Mary O’Hagan, programme lead – Like Minds, Like Mine, shares her reflections and experience from the International Initiative for Mental Health Leadership (IIMHL) international exchange, where she learned more about the work done by the Mental Health Commission of Canada (MHCC) to reduce stigma and discrimination.
In 2019, the IIMHL matches were in the United States and Canada, with the Network Meeting in Washington DC. The 2021 IIMHL and IIDL Leadership Exchange will be held across Aotearoa and Australia. The matches will be held across the two countries with the two-day network meeting held in Christchurch at Te Pae Convention Centre. The Mental Health Foundation will likely have a role, perhaps hosting a match on mental health promotion).
I was part of the changing attitudes and preventing stigma and discrimination IIMHL exchange in September 2019 hosted by the Mental Health Commission of Canada.
Participants came from a variety of different backgrounds and represented a range of organisations from Canada, the USA and New Zealand.
Changing Directions, Changing Lives: The Mental Health Strategy for Canada calls on all Canadians to reduce stigma.
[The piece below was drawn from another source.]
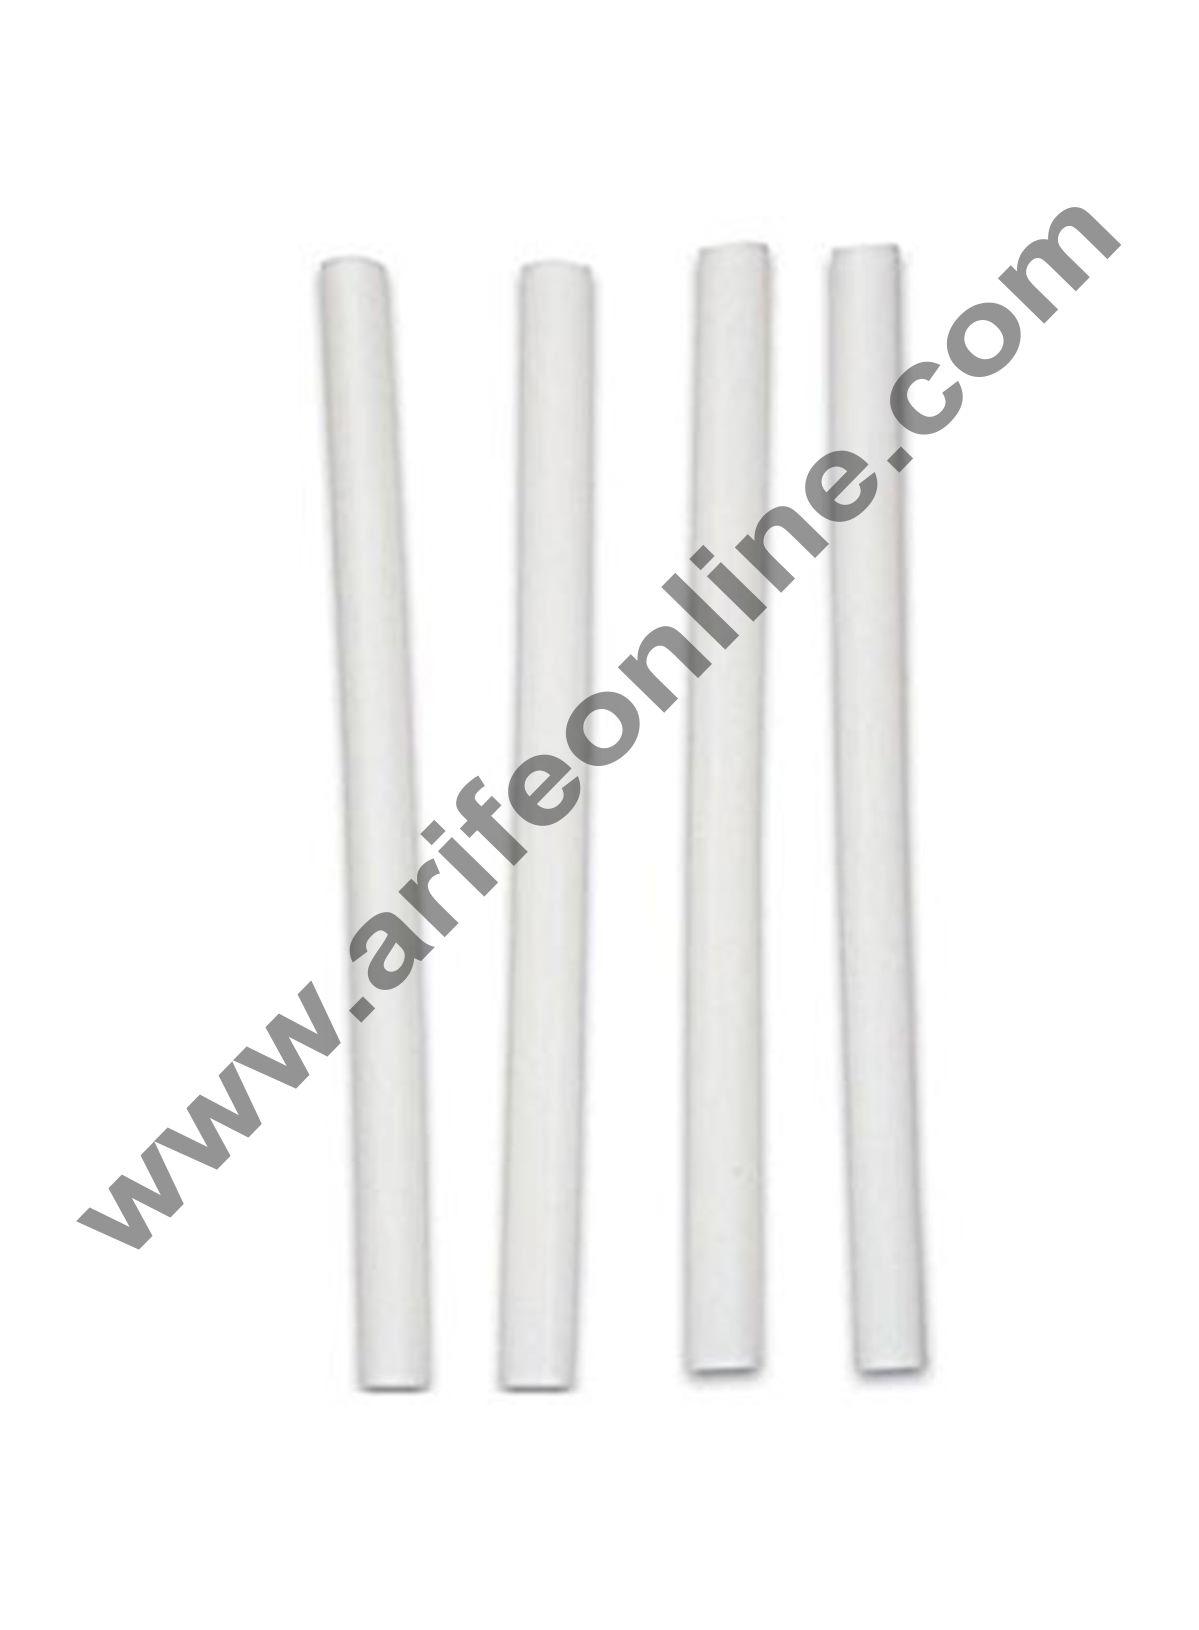 Cake Decor Plastic Dowel Rod - Four Pack

The MHCC is working to reduce stigma in every area of its work.
Its Opening Minds initiative, in partnership with some 110 organisations, aims to reduce discrimination by changing negative behaviours and attitudes often associated with mental health problems and mental illnesses.
This match shared some of the latest research and effective, evidence-based approaches for reducing stigma in two key areas: the workplace and healthcare.
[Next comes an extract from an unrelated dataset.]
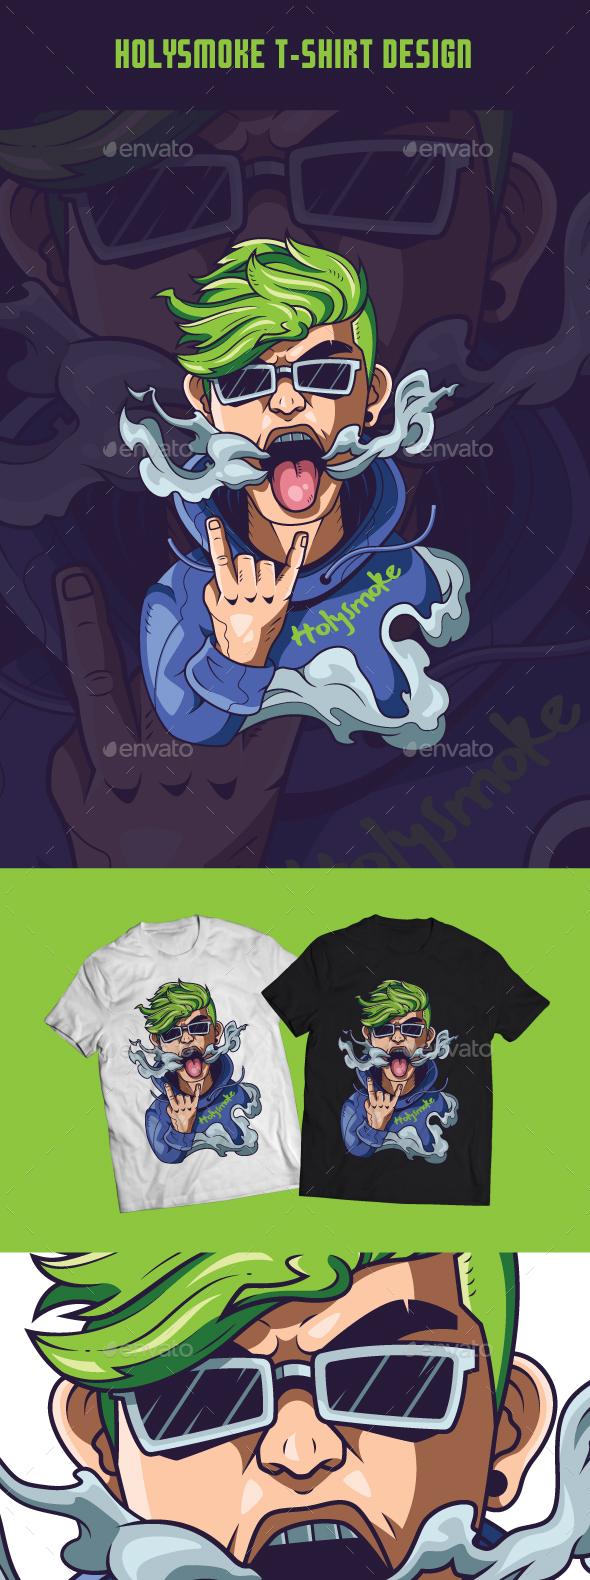 Holysmoke T-Shirt Design

Participants heard from researchers who evaluated the programmes and an employer who was an earlier adopter of The Working Mind - an education-based programme designed to promote mental health and reduce the stigma of mental illness in a workplace setting.
The big takeaway for me was evidence that suggests the impact of ‘anti-stigma’ education in primary health is more sustained if practitioners are also given tools to work with people experiencing mental distress.
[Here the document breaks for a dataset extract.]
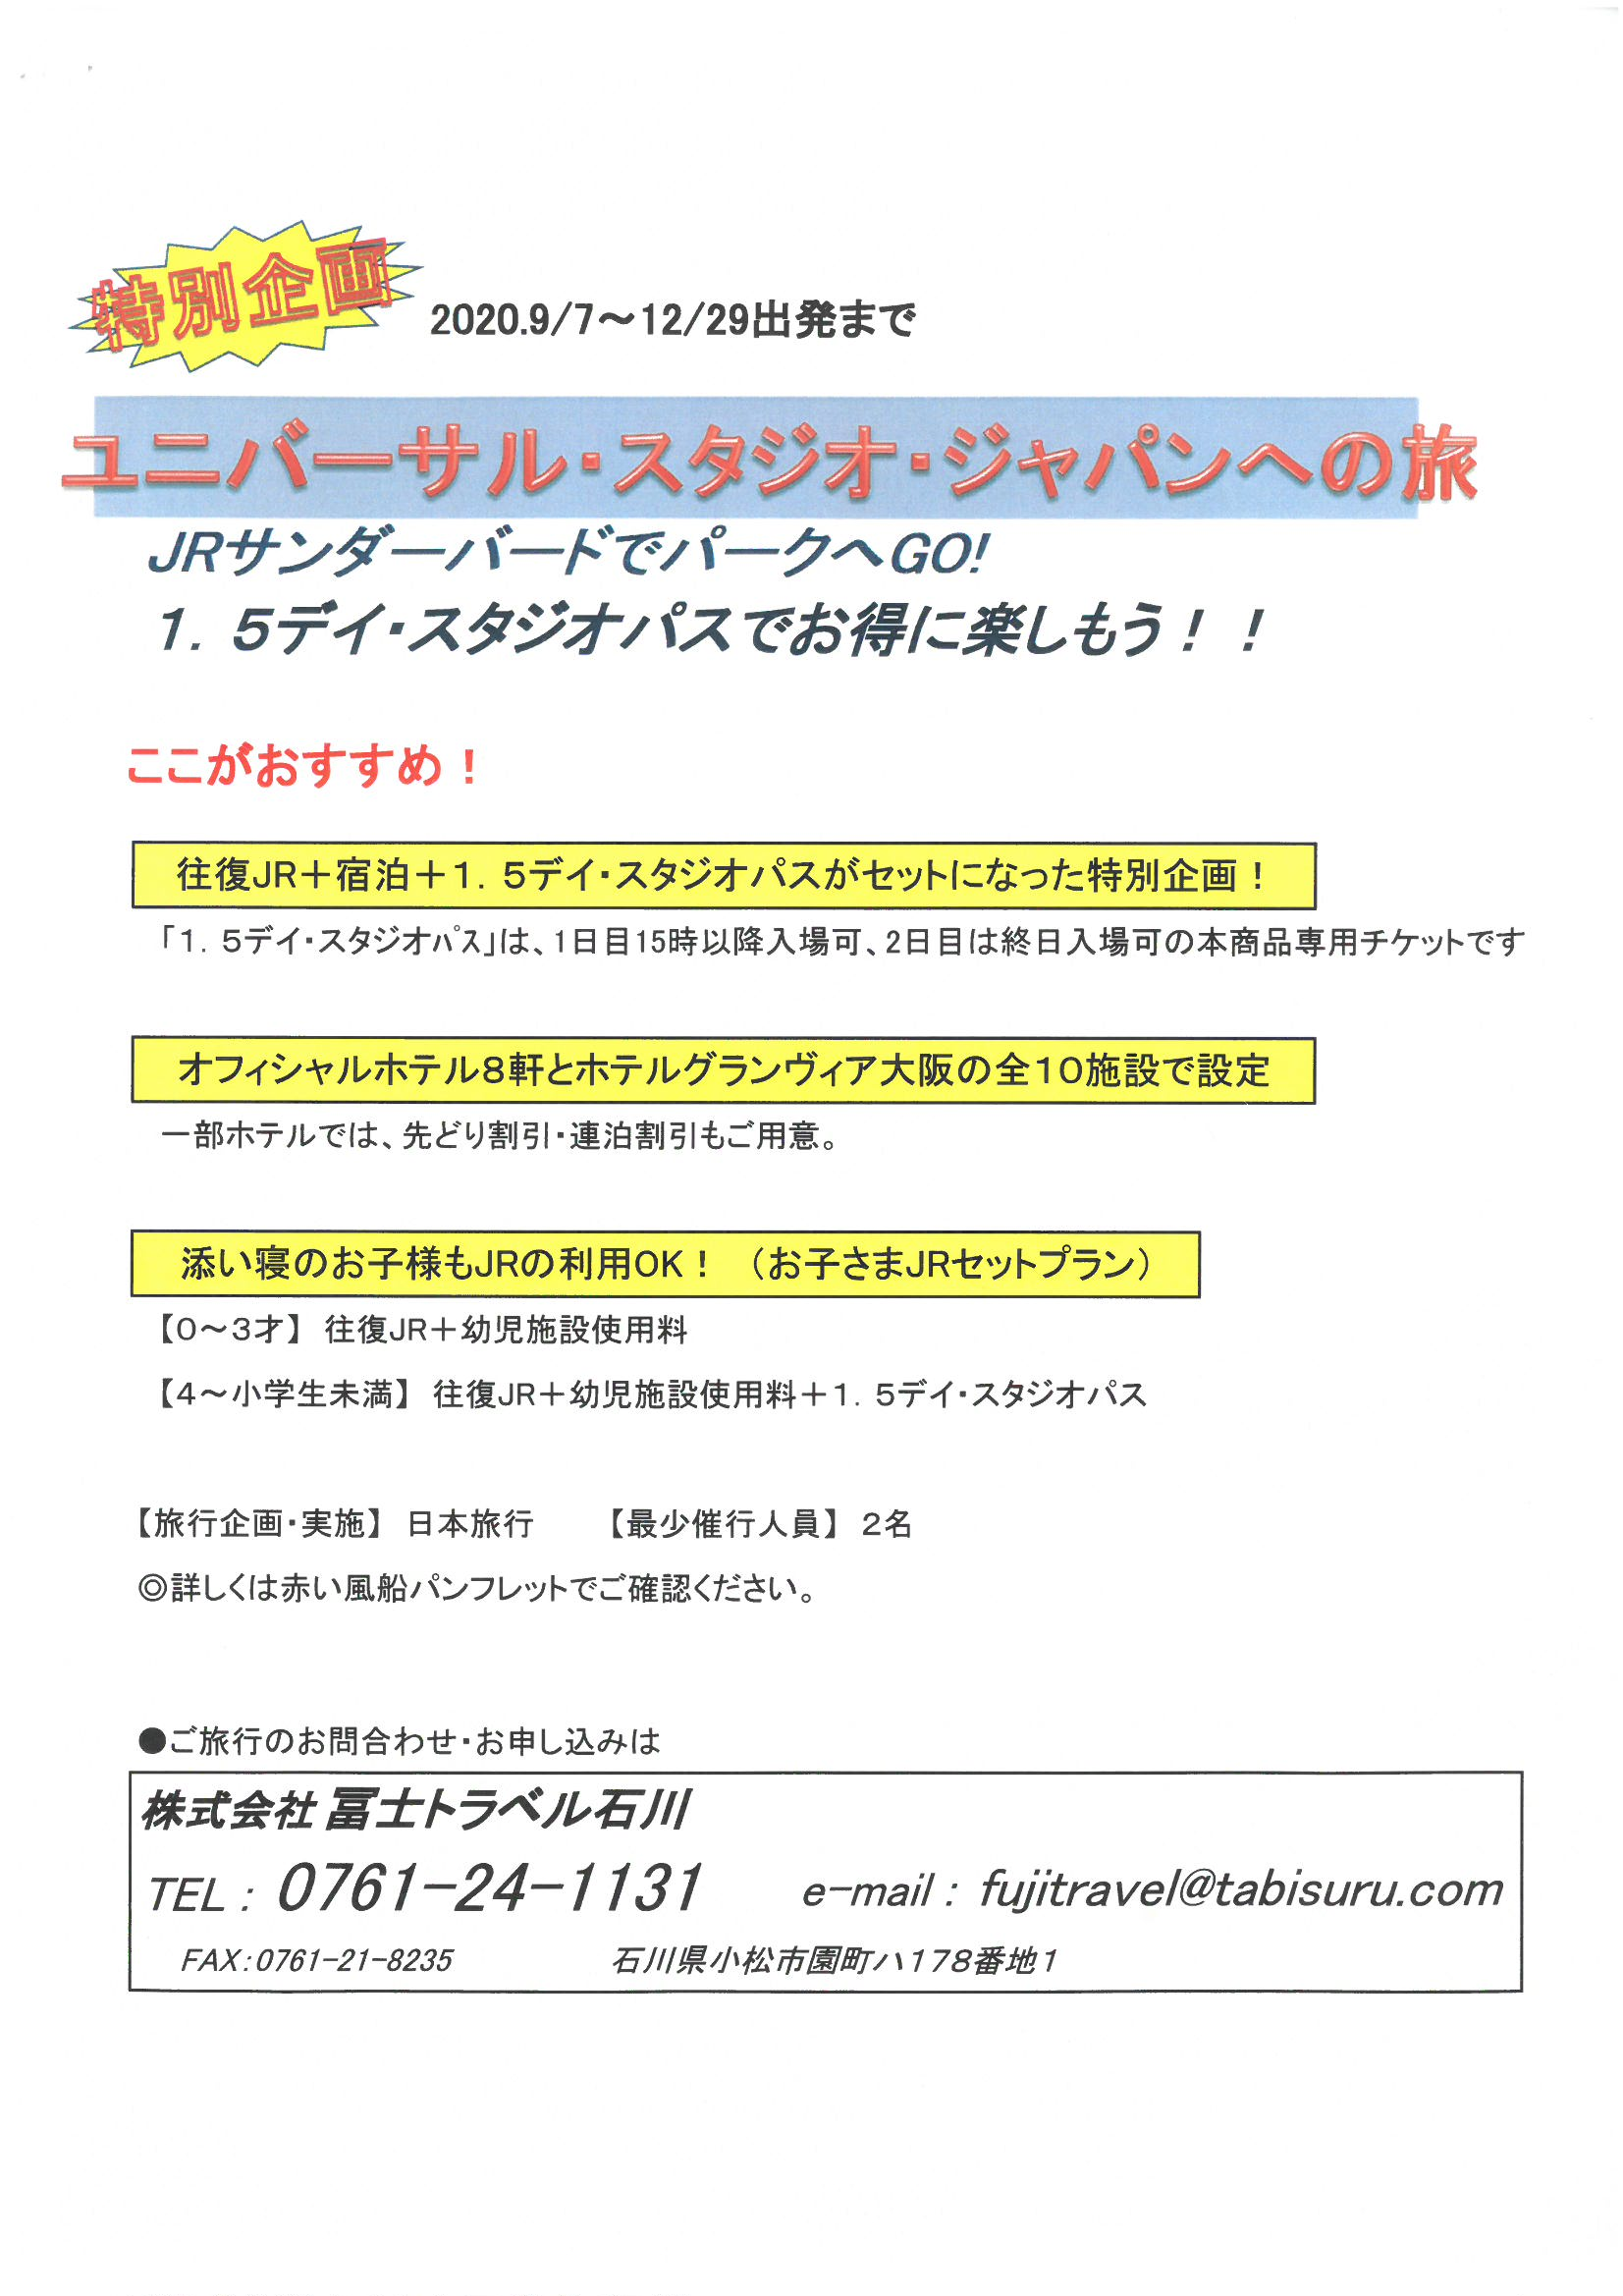 USJユニバーサルスタジオジャパン

My presentation was focused on programmes to reduce discrimination in English speaking countries. Challenges include mission drift where programmes often focus on help seeking and help giving rather than inclusion and human rights. The role of lived experience leadership is well established in most programmes.
I also discussed the continuing debate around the stigmatising impact of medical language. I challenged programmes to start to address the elephant in the room – the discrimination inherent in laws that authorise coercion for people with mental distress, which create lower thresholds for coercion than for the rest of the population.